I just looked at it and was going to post it was for blowing smoke up your ass. You ruined it for me with the description. Interesting that it appears you could actually blow smoke up your own ass. Of course, there was no cable, so this was probably a unique passtime for the whole family. "Well, Bobby. You're getting to be quite a little man. Why doncha just slide on over here, and blow a little smoke up dad's ass?"
I wonder if there is anything that people haven't put up their ass over the years. Oh look!. There's my glasses.
So I went to the optometrist. He said "You need glasses." I said, "How do you know that? You didn't even examine me." He said, "I've seen your girlfriend." ..Ahahahaha... ..Aha. aha ha ha.
Subway is being sued over the length of their subs not being actually what they claim to be. No doubt by a woman.
No, this isn't about the six inch. This is a 12". The foot long isn't a foot long. If you show up bragging you've got a foot long, and it's only 11", I think you get a pass.. At least I always have.

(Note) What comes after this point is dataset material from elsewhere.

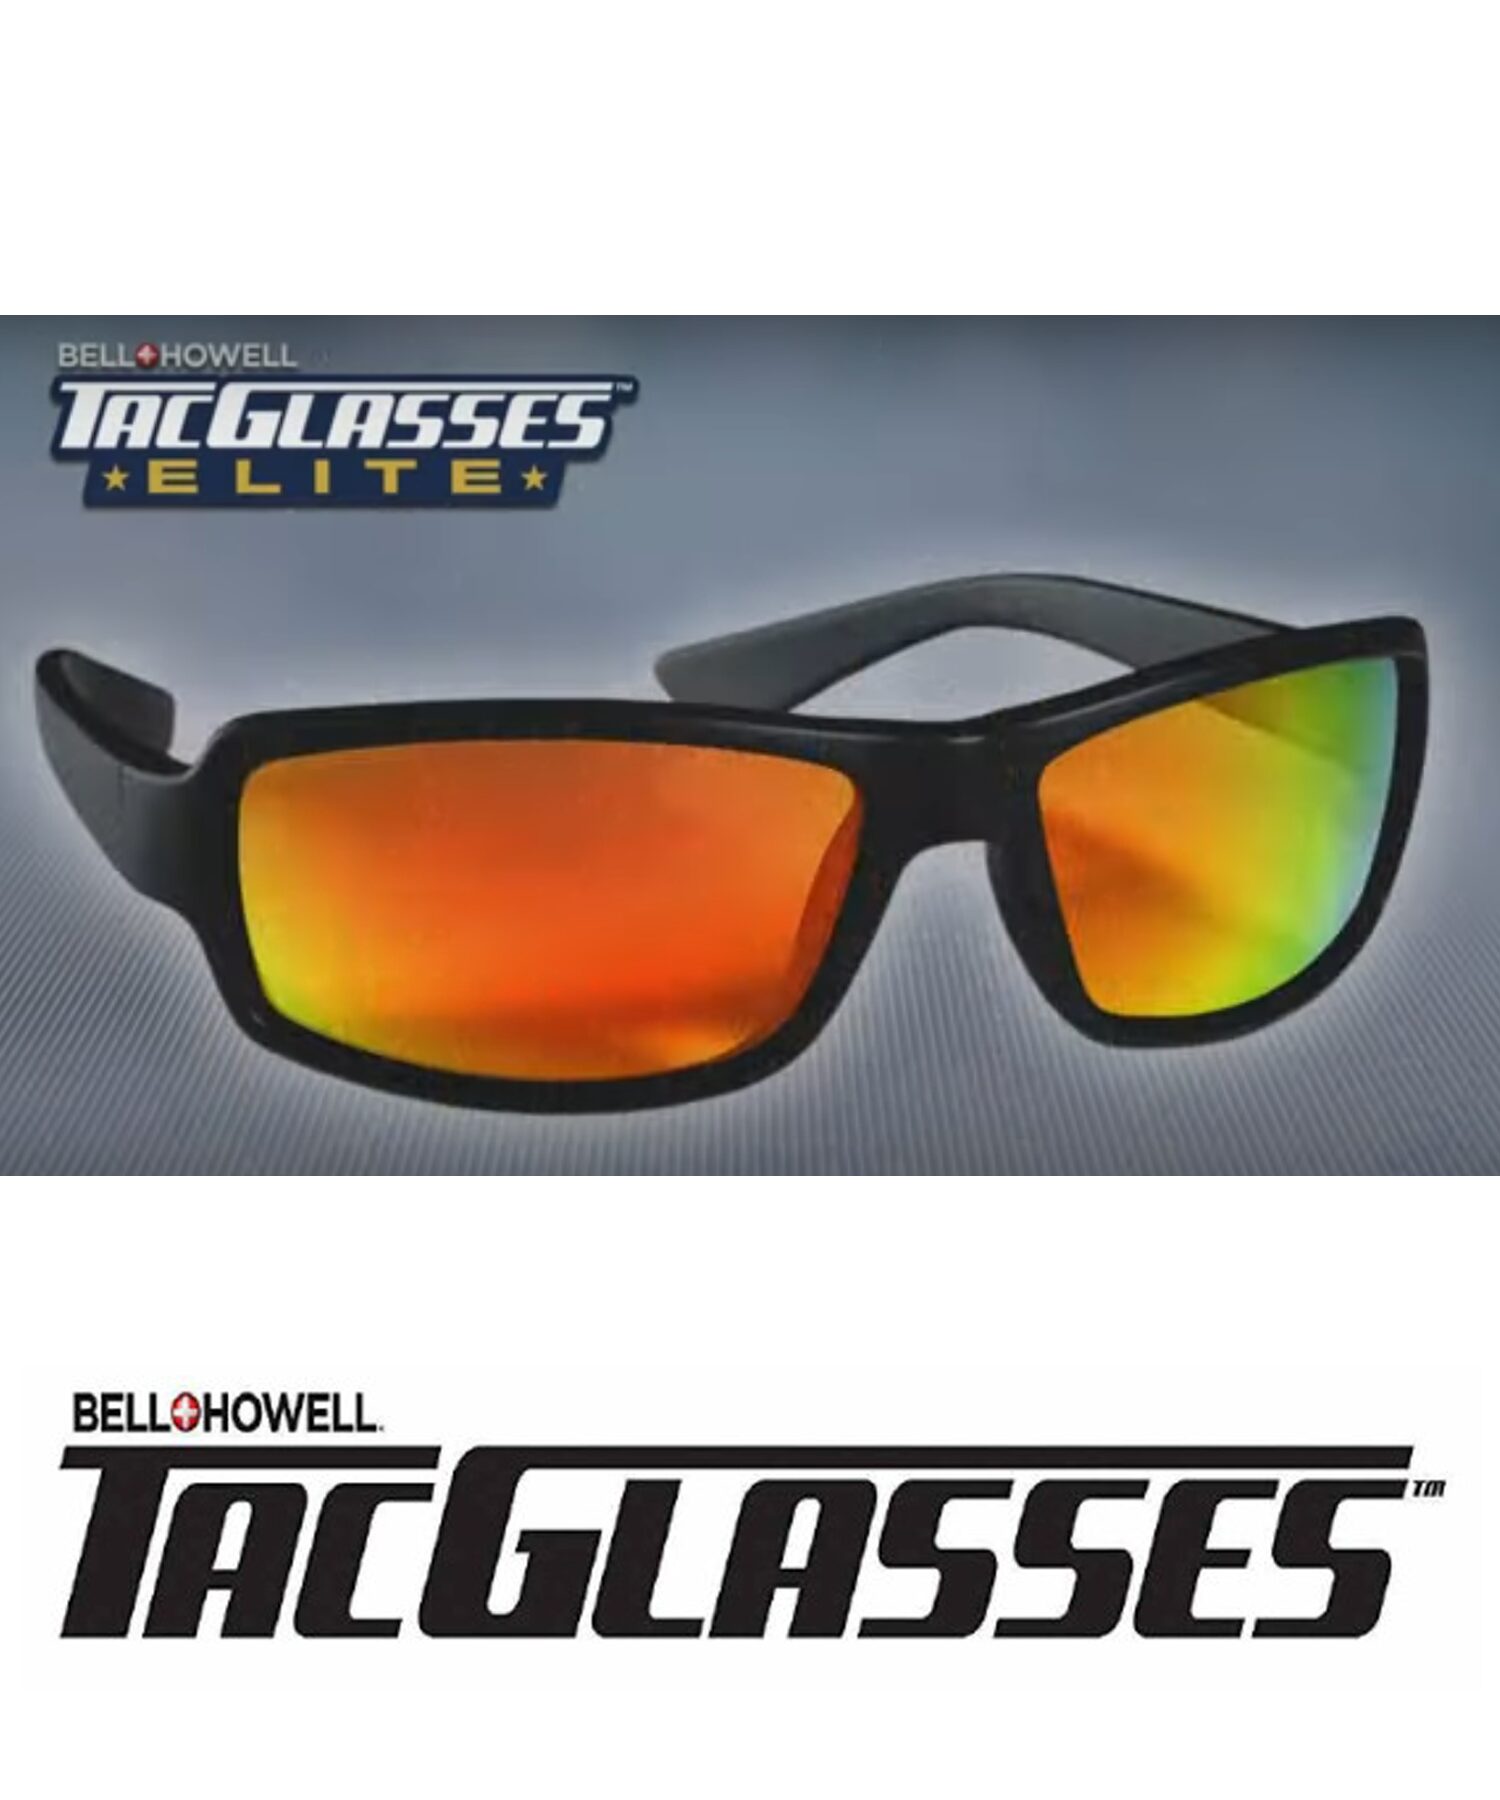 TacGlasses Elite

Not a chance. Ever see these gals? They'll see a six inch sub and swear it's 12 (cuz that's what they've been told by guys)!

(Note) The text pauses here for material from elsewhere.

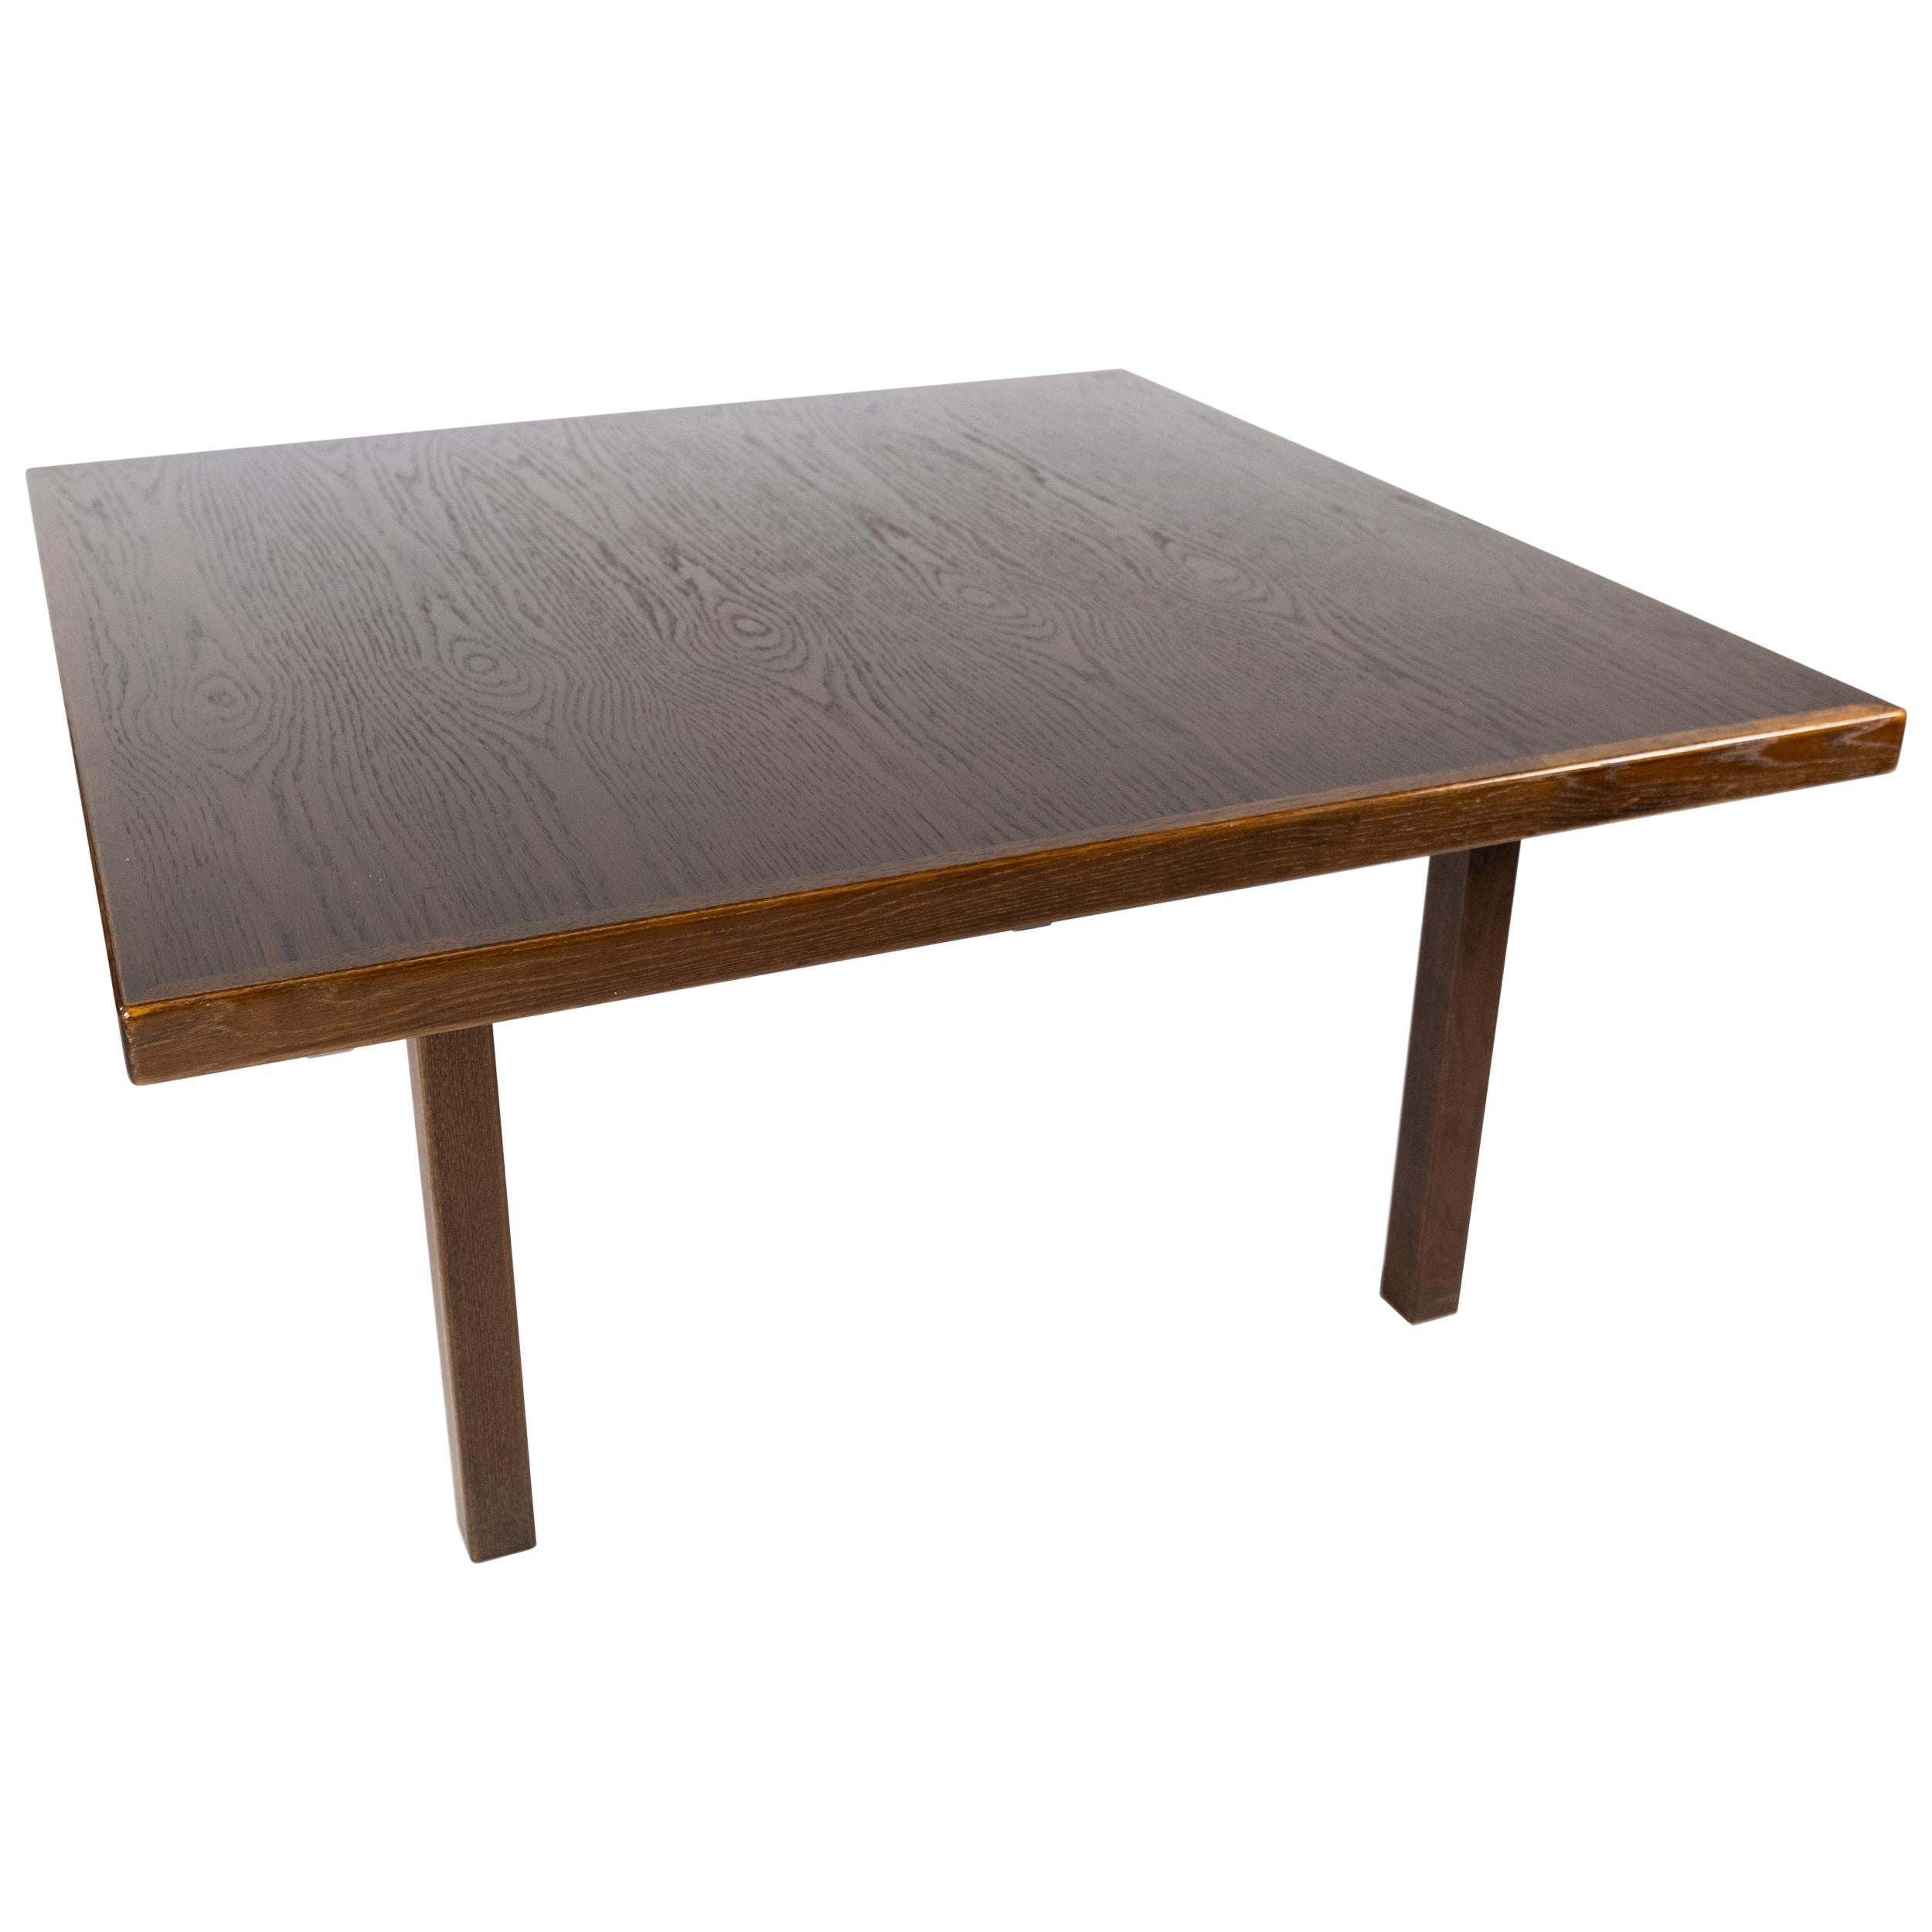 Coffee Table Made In Dark Oak, Danish Design From 1960s

Imo, a pretty funny comment onthe net regarding Barry's statement on football. "No Obamacare for high school football players. A nation of docile low testosterone cows. Perfect to trample over. I'm pretty sure 75% of the men in the US are already owned by a strapon queen as it is." ------------------------- A nation of low docile low testosterone cows.. first person I thought of was our director of Homeland Security. "Janet" who can't run up a flight of stairs is protecting us. "Praise the Lord and pass the ammo."